The I-94 Traffic Dataset has 9 columns and 48204 rows. Out of 9 columns 4 are strings, 3 are floats and 2 are integer data types. There are no null values among the data.
This traffic data has been recorded at a station located approximately midway between Minneapolis and Saint Paul. As we have briefly mentioned in the introduction this station only records westbound traffic. This means that our analysis is about westbound traffic in the proximity of this particular station. So we should avoid generalizing the results to entire I-94 highway.
Below we will plot a histogram to visualize the distribution of traffic _volume column.
import matplotlib.pyplot as plt
%matplotlib inline
#apply Series.plot.hist() method on traffic_volume column
traffic_I94['traffic_volume'].plot.hist()
plt.xlabel('Traffic Volume')
plt.title('Frequency of Traffic Volume')
Text(0.5, 1.0, 'Frequency of Traffic Volume')
#using Series.describe() method look at the statistics of the data column
traffic_I94['traffic_volume'].describe()
count 48204.000000 mean 3259.818355 std 1986.860670 min 0.000000 25% 1193.000000 50% 3380.000000 75% 4933.000000 max 7280.000000 Name: traffic_volume, dtype: float64
According to the Traffic Volume histogram, traffic volume between 0-500 and 4500-5000 has maximum frequency(~ 8000 counts). According to the statistics, the mean traffic volume is at 3259 and 75% of the traffic volume lies close to 5000 and 25% traffic volume lies close to 1200. In here peaks likely correspond to peak hours, morning (while commuting to work) and evening (commuting back home).
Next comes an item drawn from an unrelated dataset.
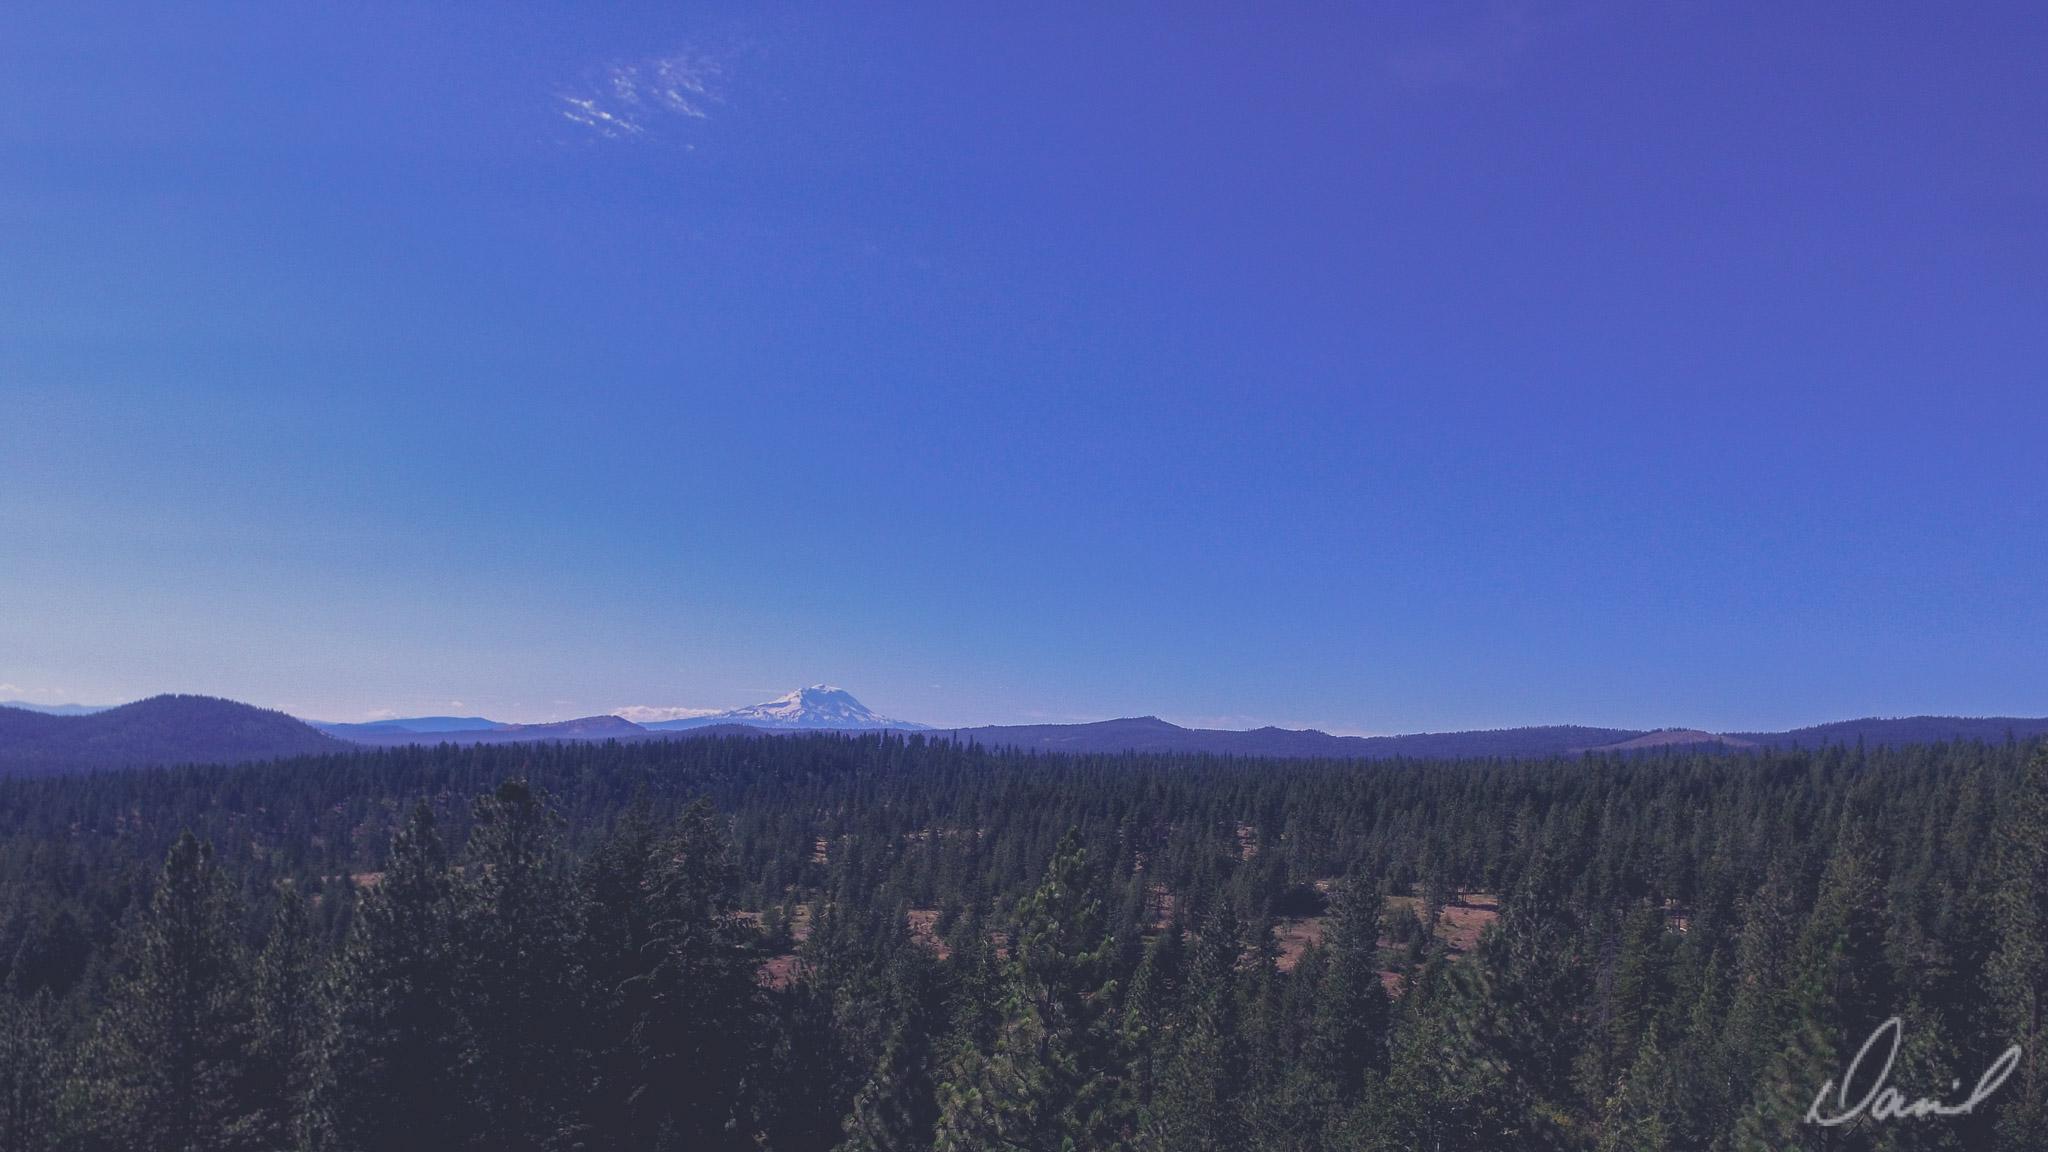 Mt Rainier in the distance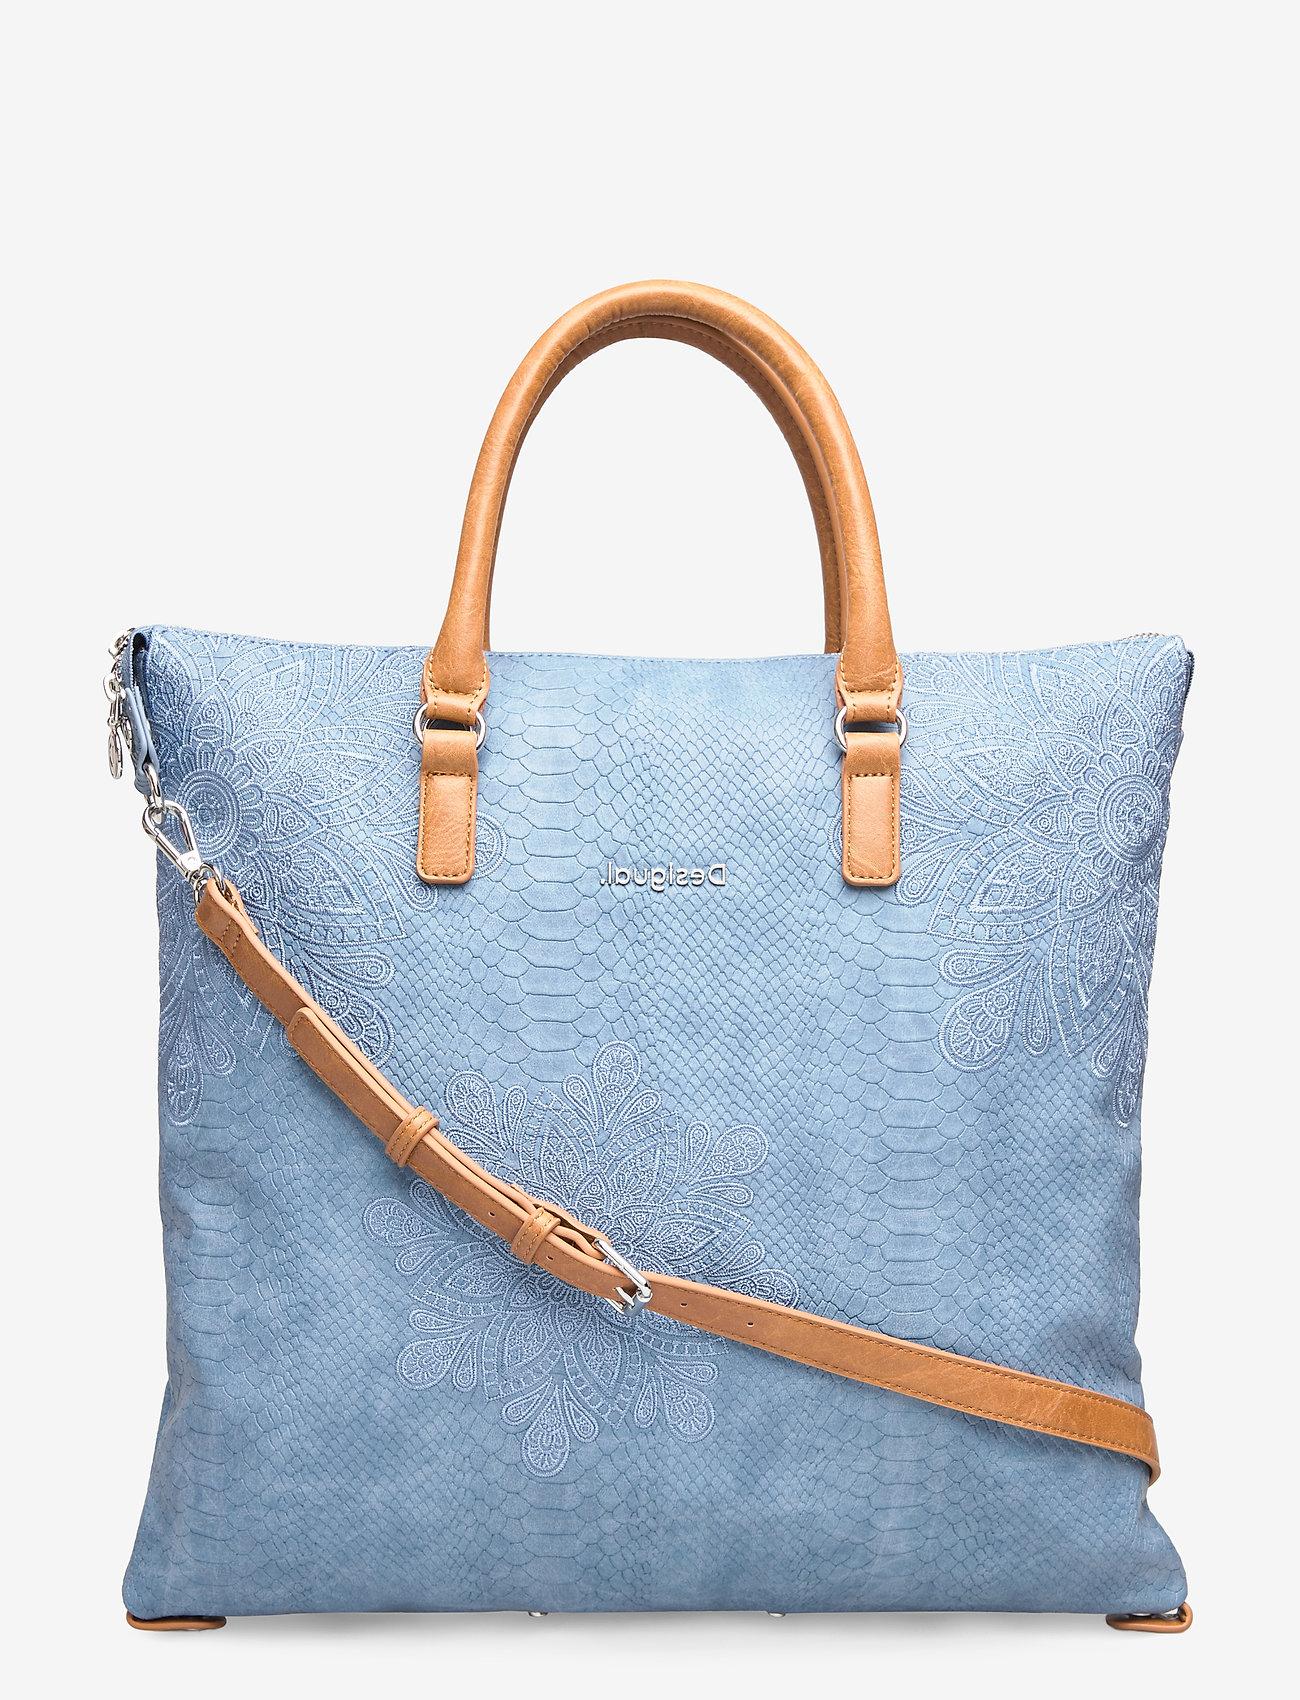 Desigual Accessories - BOLS HELA KONN - sacs à anse - azul media noche

Above traffic volume histogram shows that traffic is high once during daytime and once during nighttime/evening. This gives an interesting direction to our analysis. Further we will divide the dataset into two parts.
#transform the *date_time* column to *datetime* using pd.to_datetime()
traffic_I94['date_time']=pd.to_datetime(traffic_I94['date_time'])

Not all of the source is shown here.